Faced with recession, public sector finances deteriorate, and total economy leverage doesn’t actually decline – it simply shifts from private to public balance sheets. Fiscal policy is then constrained by fears about long-term debt sustainability. Together this creates an extremely challenging environment in which, as the latest World Economic Outlook puts it ‘the risks of recession in advanced economies are alarmingly high’.  The tail risks are clearly on the slow growth/deflationary side.

In this context there is a danger that progress towards where we need to be in the long term could further depress nominal demand and activity in the short. If we increase capital ratio requirements and leave it entirely to private banks to decide when and how to achieve those higher ratios, we may simply provoke further deleveraging and deficient lending supply.

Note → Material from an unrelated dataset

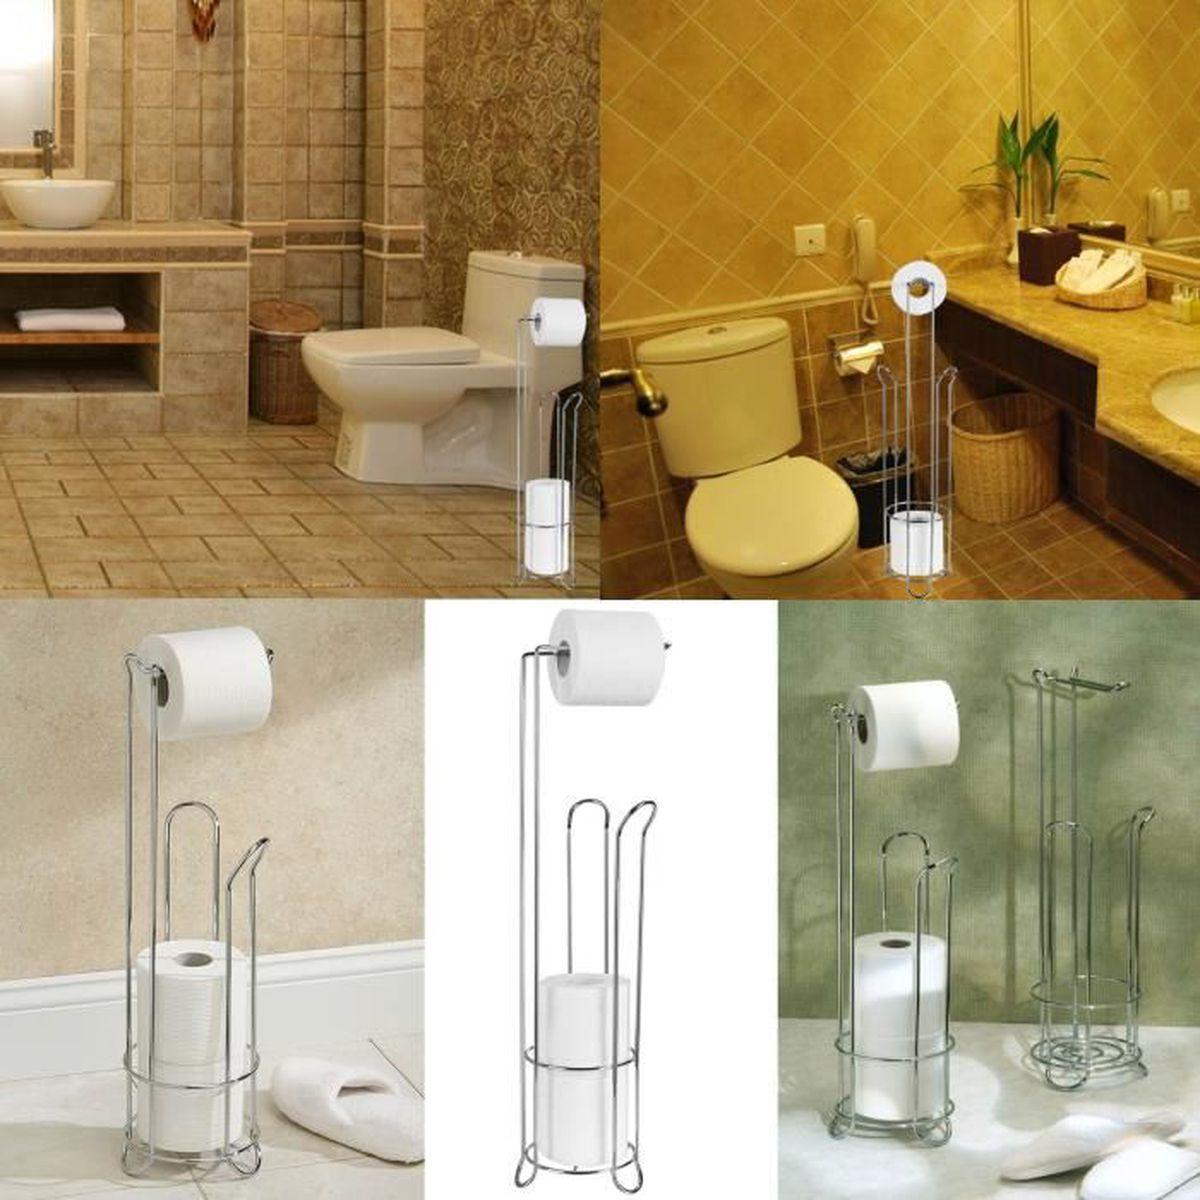 Papier Salle De Bain papier de toilette support wc salle de bain tissu

How can we overcome those dangers?

I suggest there are two possibilities: they are not mutually exclusive.

  • The first is to combine progress towards a sounder financial system with innovative unconventional policies which seek to cut through the challenges of our impaired financial system – either, as Olivier Blanchard’s WEO foreword puts it: ‘helping particular categories of borrowers or helping financial intermediation in general’. The package of measures which the UK authorities announced this summer fall into this category. The measures include: (i) additional central bank liquidity insurance and an adjustment to FSA liquidity requirements to allow some credit for that insurance; (ii) direct central bank funding support at an attractive rate for bank lending to the real economy; and (iii) adjustments to the FSA’s capital regime to eliminate capital requirements on that new lending, while maintaining overall progress to greater balance sheet resilience.
  • The second is to cut through the balance sheet resilience/lending supply trade off by engineering rapid increases in bank capital resources. Effectively this would mean a repeat of the 2009 US approach. That required banks to conduct robust stress tests: it defined quantities of capital which each of the banks were then required to raise; and it provided a public back stop if banks were unable to raise new capital from private sources within a proscribed time period. In principle, such an approach has attractions. In the eurozone, however, it could only be credible if the public backstop were available at ‘federal’ eurozone level; applied at a national level within the more vulnerable periphery economies, it would simply strengthen yet further the potentially fatal sovereign solvency/bank solvency embrace which is at the core of current stress.

Clearly there are no easy answers here. The challenges created by deleveraging in the wake of an excess credit and leverage boom are very severe. But we need to find ways both to build a stronger sounder system for the future – avoiding a future repeat of a 2008 style crisis – and to navigate through the realities of today’s troubling times.